"It's not a time when we have much in the way of launches of new products or a new operating system," said Pichai. "Both on Android and Chrome, we're going to focus this I/O on all of the kinds of things we're doing for developers, so that they can write better things. We will show how Google services are doing amazing things on top of these two platforms."
Pichai took over as head of Google's Android division earlier this year after longtime Android chief Andy Rubin decided to step aside. Before joining the Android team, Pichai led development for Google's Chrome browser and platform. His comments about new products fall in line with recent reports about what Google might show off at the conference.
For example, six months ago most people would have told you Android 5.0 would make its debut during I/O. In recent weeks, however, that expectation has been softened. At this point, only a modest update to Android, version 4.3, is expected to appear. That meshes with Pichai's "no new operating system" comment. There aren't any details about what new features might be included in Android 4.3. Further, rather than reveal the long-rumored Motorola X Phone, device watchers think at best the Nexus 4 smartphone and Nexus 7 tablet will see some spec updates, but not much more than that. Again, this falls in line with Pichai's comments above.
[ Learn more about Google's developer conference. Read Google I/O 2013 Preview. ]
Pichai during his interview offered a few other nuggets of wisdom concerning the thinking inside Google with respect to Android, Chrome and the Web.
For one, the company is looking into ways to smooth out the Android updating process, which is horribly broken at the moment. "We are thinking about how to make Android handle updates better," said Pichai. "We see ways we can do this. It's early days. We're talking with our partners and working our way through it. We need time to figure out the mechanics, but it's definitely an area of focus for me and for the team."

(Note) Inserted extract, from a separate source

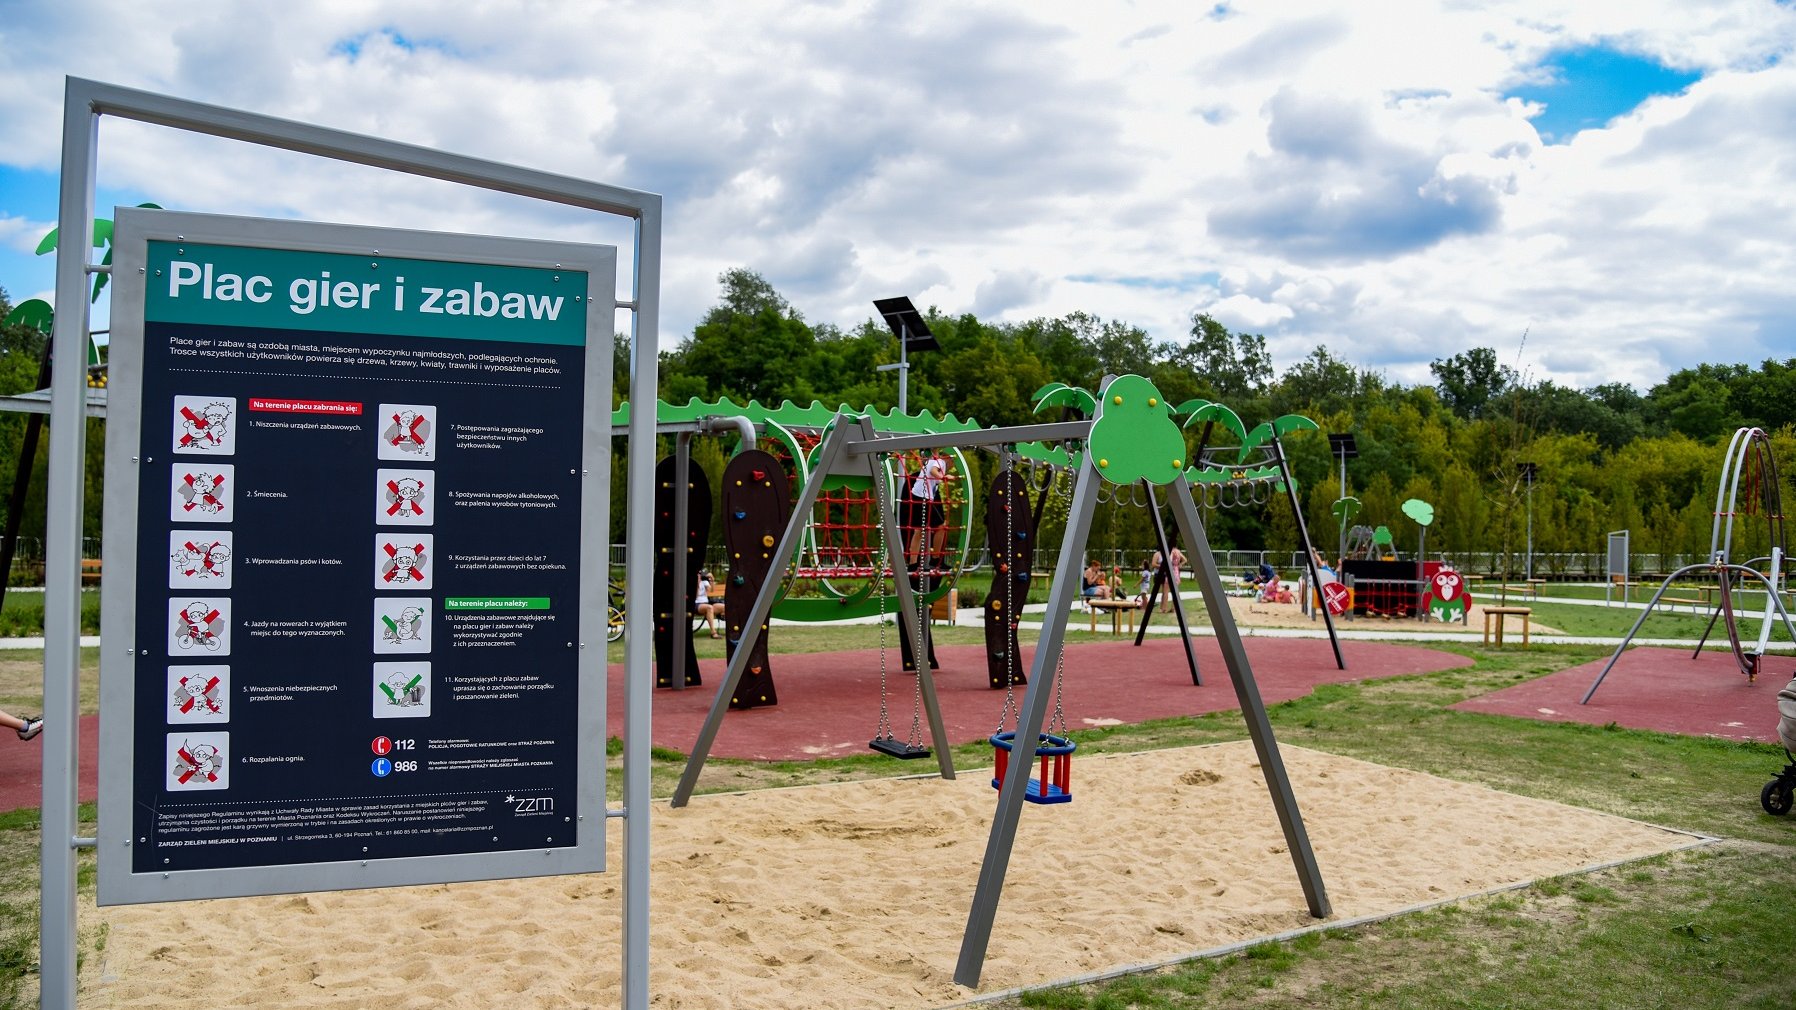 Mieszkańcy Poznania zyskali nowy park przy ul. Dolna Wilda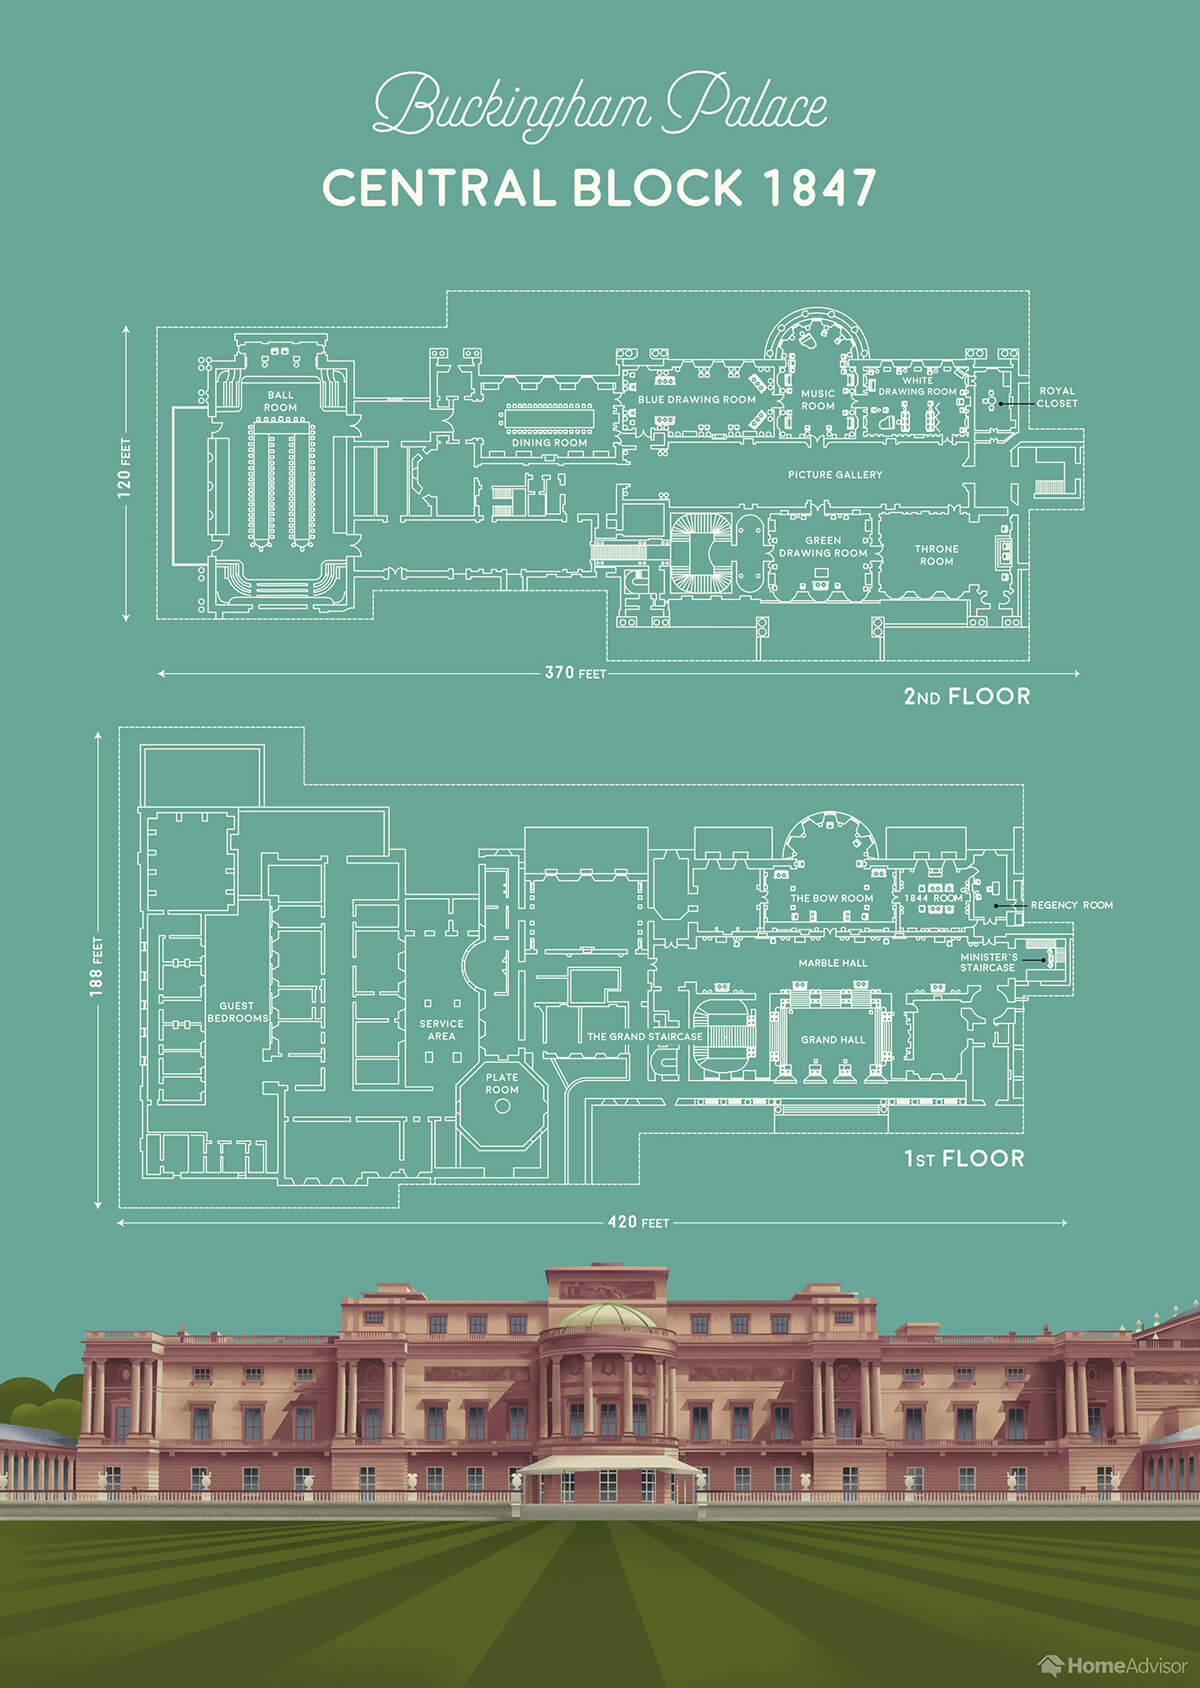 Как устроен Букингемский дворец новые постеры с поэтажными планами

As it stands, Google pushes out new versions of Android about once every six months. That software then goes to the hardware makers, who need to figure out how to update each of their devices with the new code while still maintaining functionality. If it were only up to the OEMs, the process might not be so terrible. Unfortunately, the wireless network operators play a key role in updating device software. The approval process takes anywhere from three to six months. Hopefully Pichai's team can figure out something quickly.
Pichai said that Google was not surprised to see competitor Mozilla reveal Firefox OS, its own Web-based operating system for smartphones. The number of new smartphone platforms currently in development numbers at least a half-dozen, with many of them, such as Jolla and Tizen, relying on web-based standards for wide-ranging compatibility with hardware and applications.
Importantly, Pichai said quite clearly that the company has no immediate plans to combine Android and Chrome into one platform.
"We embrace both and we are continuing to invest in both. So in the short run, nothing changes," said Pichai. "The picture may look different a year or two from now, but in the short term, we have Android and we have Chrome, and we are not changing course."
During the run-up to I/O, there were suggestions that Google would merge its two platforms, though it wasn't clear which platform (and which features) might assert itself. Google is still developing Android and Chrome separately, but we've seen Android-first products, such as Google Now, head to the desktop, and desktop-first products, such as Google+ and Google Maps, head to the smartphone/tablet.
If Google chooses to combine these two platforms at a later date, it will be interesting to see how a blend of Android and Chrome comes together. Until that day, developers will have plenty to keep themselves busy.